Artigos de Jornal
Alzheimer cultural
Com os incêndios do Museu da Língua Portuguesa, em 2015, do Museu Nacional, em 2018, e da Cinemateca Brasileira, o Brasil perdeu grande parte de sua memória. O acervo da Funarte também está em perigo. No fundo, a anamnese nacional é resultado de uma necropolítica cultural. As três perguntas inicias que o médico faz a uma pessoa que anda baratinada são: Como é seu nome? Que dia é hoje? Onde você mora? Se ela hesita em responder é porque perdeu suas referências de identidade, de tempo e de lugar. O mesmo acontece quando perdemos a memória coletiva.
Aqueles três incêndios não foram acidentes, foram “mortes anunciadas”. Mas não apenas os “acidentes” destroem a memória nacional. Interesses econômicos também a ameaçam. Agora mesmo, o ministro Paulo Guedes incluiu entre os imóveis da União que devem ser vendidos, o recém-restaurado Palácio Capanema, no Rio de Janeiro, ex-sede do Ministério da Educação e Saúde, cujo nome homenageia seu idealizador e criador do IPHAN. Este edifício é um marco do modernismo brasileiro, iniciado com a Semana de1922. Ele é tão importante internacionalmente que Le Corbusier, que não teve nenhuma participação no seu projeto, quis considerá-lo como seu, porque seguia os cinco pontos resumidos por ele como característicos da arquitetura moderna.
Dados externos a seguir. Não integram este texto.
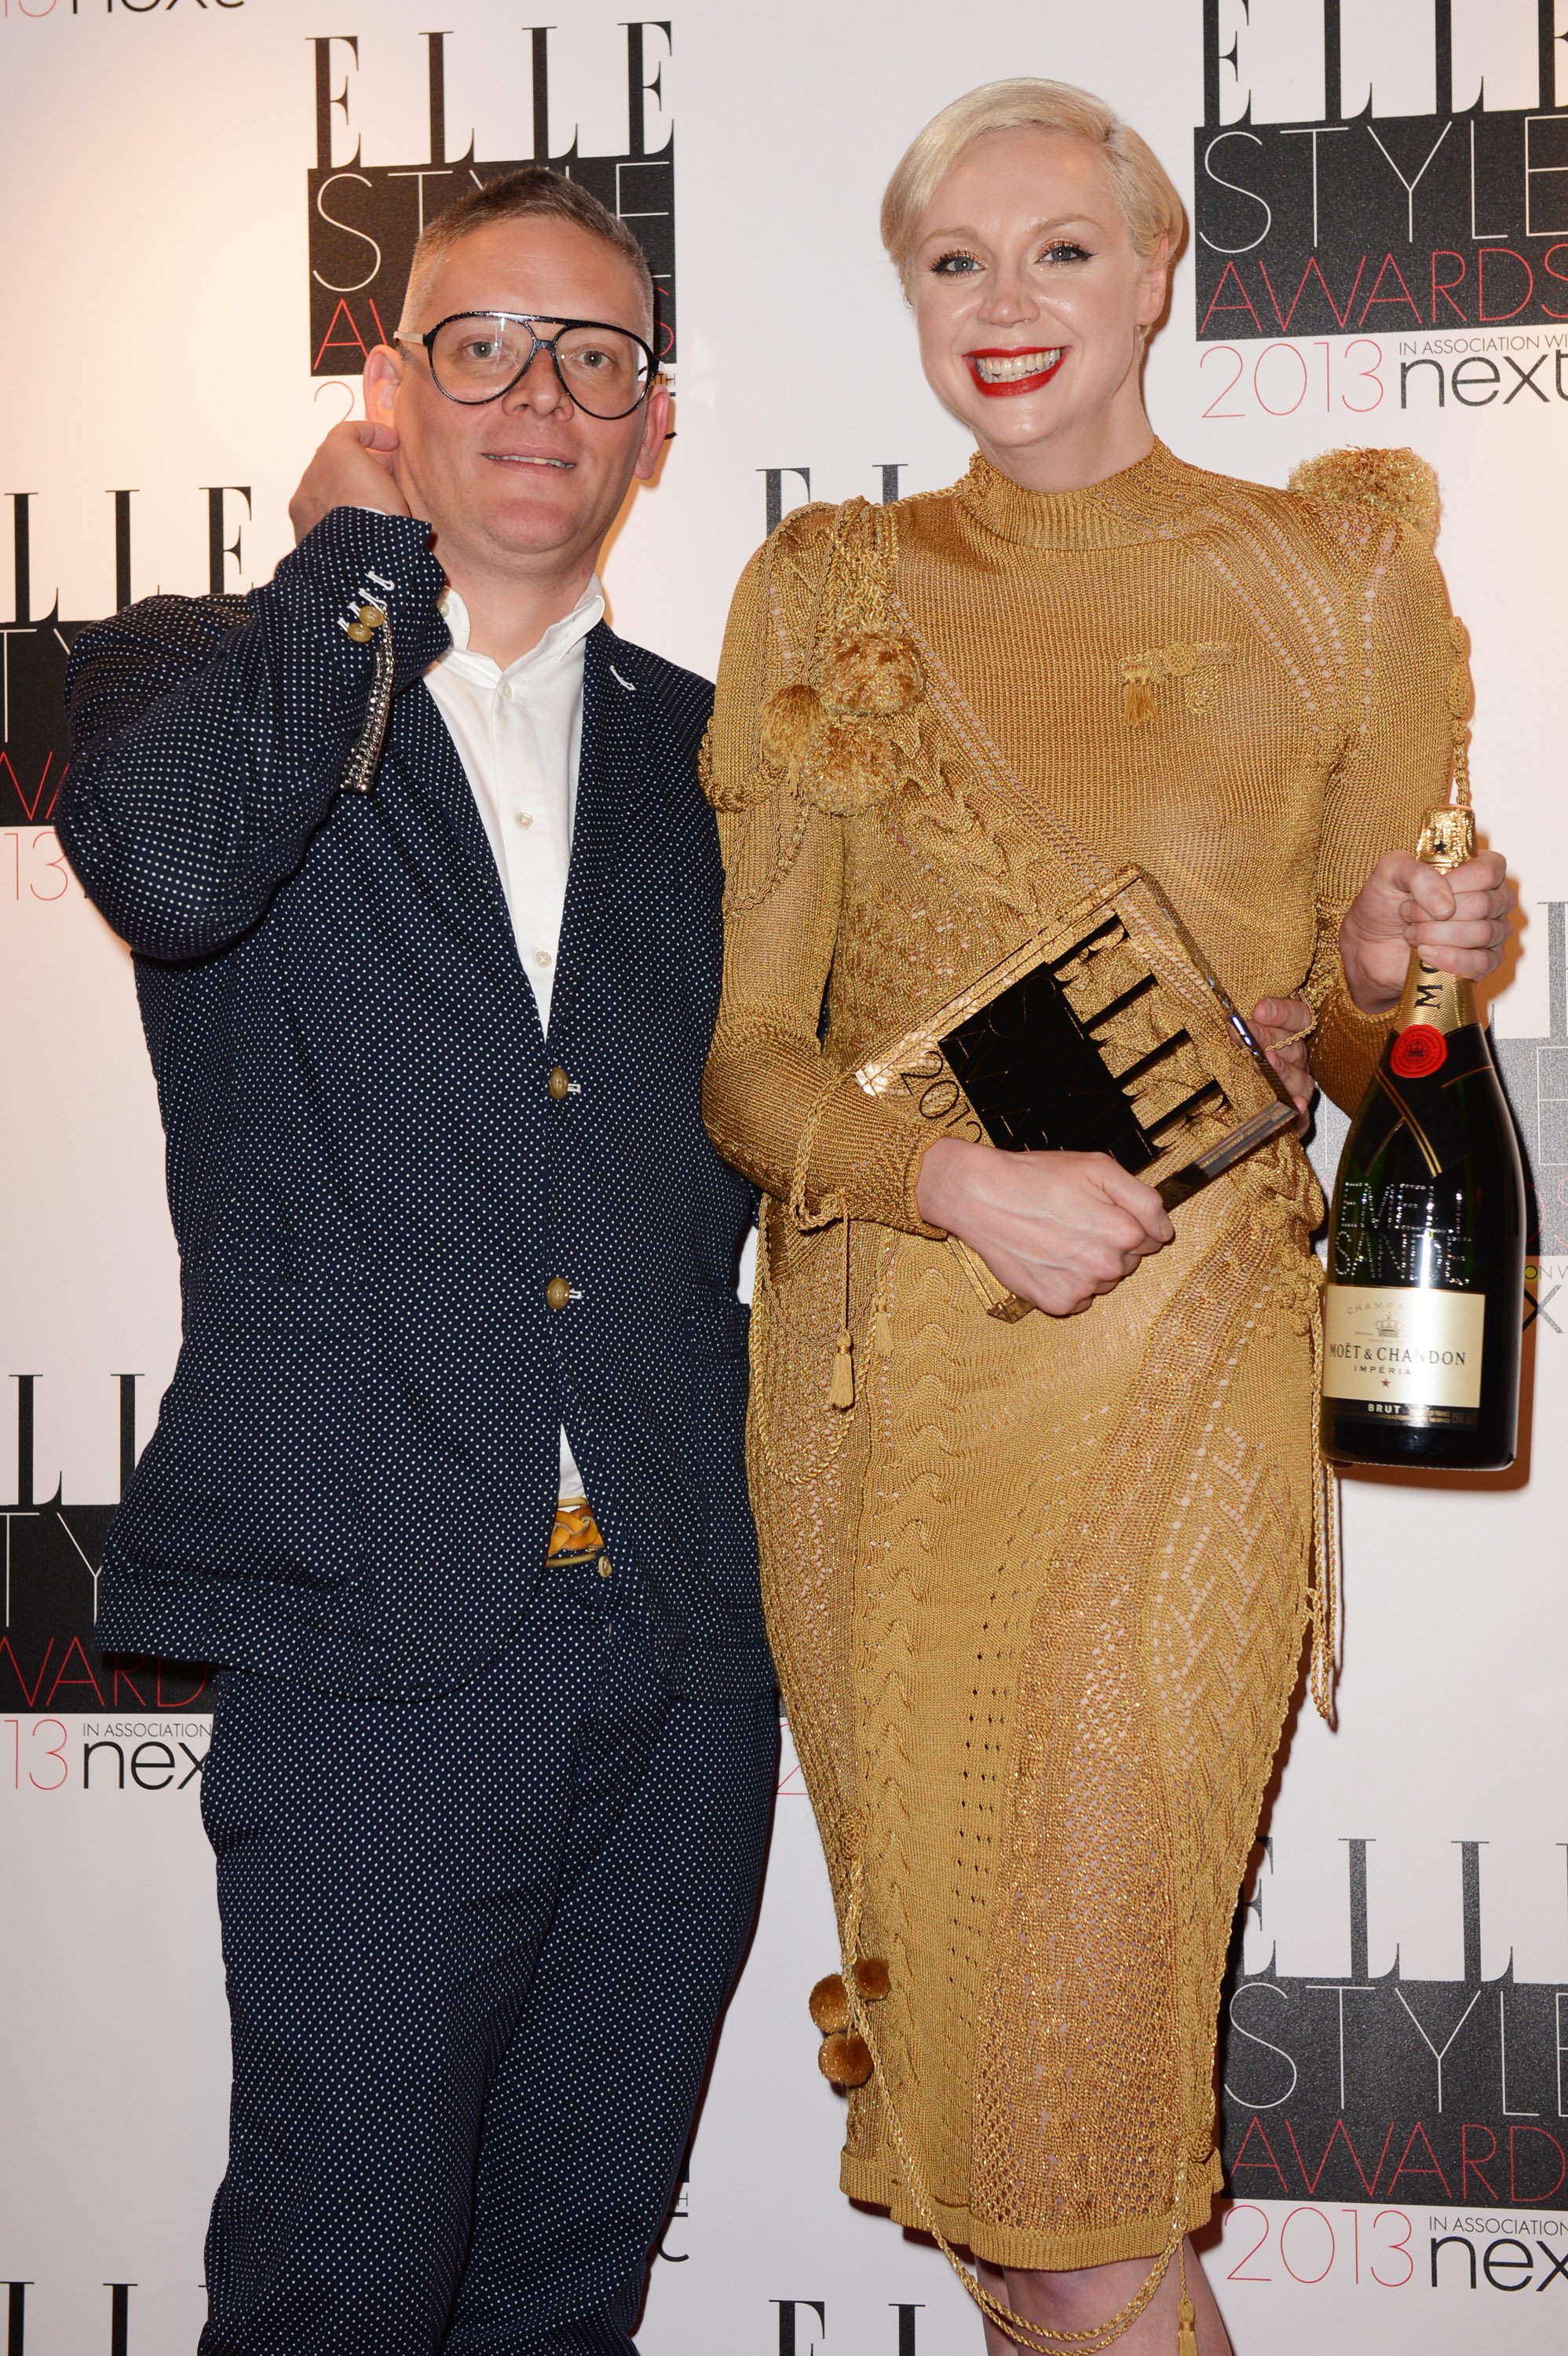 Gwendoline Christie is posing with Giles Deacon after he presented the Best TV Show Award for Game Of Thrones at The Elle Style Awards in London | Source: Getty Images

Neste momento, Instituto de Arquitetos do Brasil e o Ministério Público Estadual lutam para que não se descaracterize, embora se modernize, o Hospital Otavio Mangabeira, em Salvador, marco da arquitetura modernista brasileira e da luta contra a tuberculose. Pois é, um monumento arquitetônico não é apenas um artefato material, é uma obra com significados cultural e histórico. Sedes de equipamentos públicos privatizados sofrem o risco de se deteriorarem, como ocorre com os condomínios de escritórios do Comércio.
A comunidade universitária baiana está muito preocupada com o destombamento, três dias após seu tombamento respaldado pelo Conselho Consultivo da Fundação Gregório de Matos, da Residência Universitária Primeira da UFBA. Não se trata apenas do único remanescente das mansões ecléticas do hiperinflacionado Corredor da Vitória. Seu pátio e restaurante foram, e continuam sendo, um centro importantíssimo da vida cultural e política estudantil da vanguardista obra de Edgar Santos. O Ex-Governador Roberto Santos, seu filho, se vivo fosse, seria o primeiro a protestar contra a anulação desta justa reivindicação da UFBA. Os argumentos contra seu tombamento chegam a ser ingênuos.
Cabe ao prefeito ouvir o apelo da sociedade e reavaliar sua decisão em favor da preservação de parte importante da memória de Salvador, para que não tenhamos de lamentar, como Drummond, a perda da identidade de sua cidade natal: “Itabira (Salvador) é apenas uma fotografia na parede. Mas como dói!”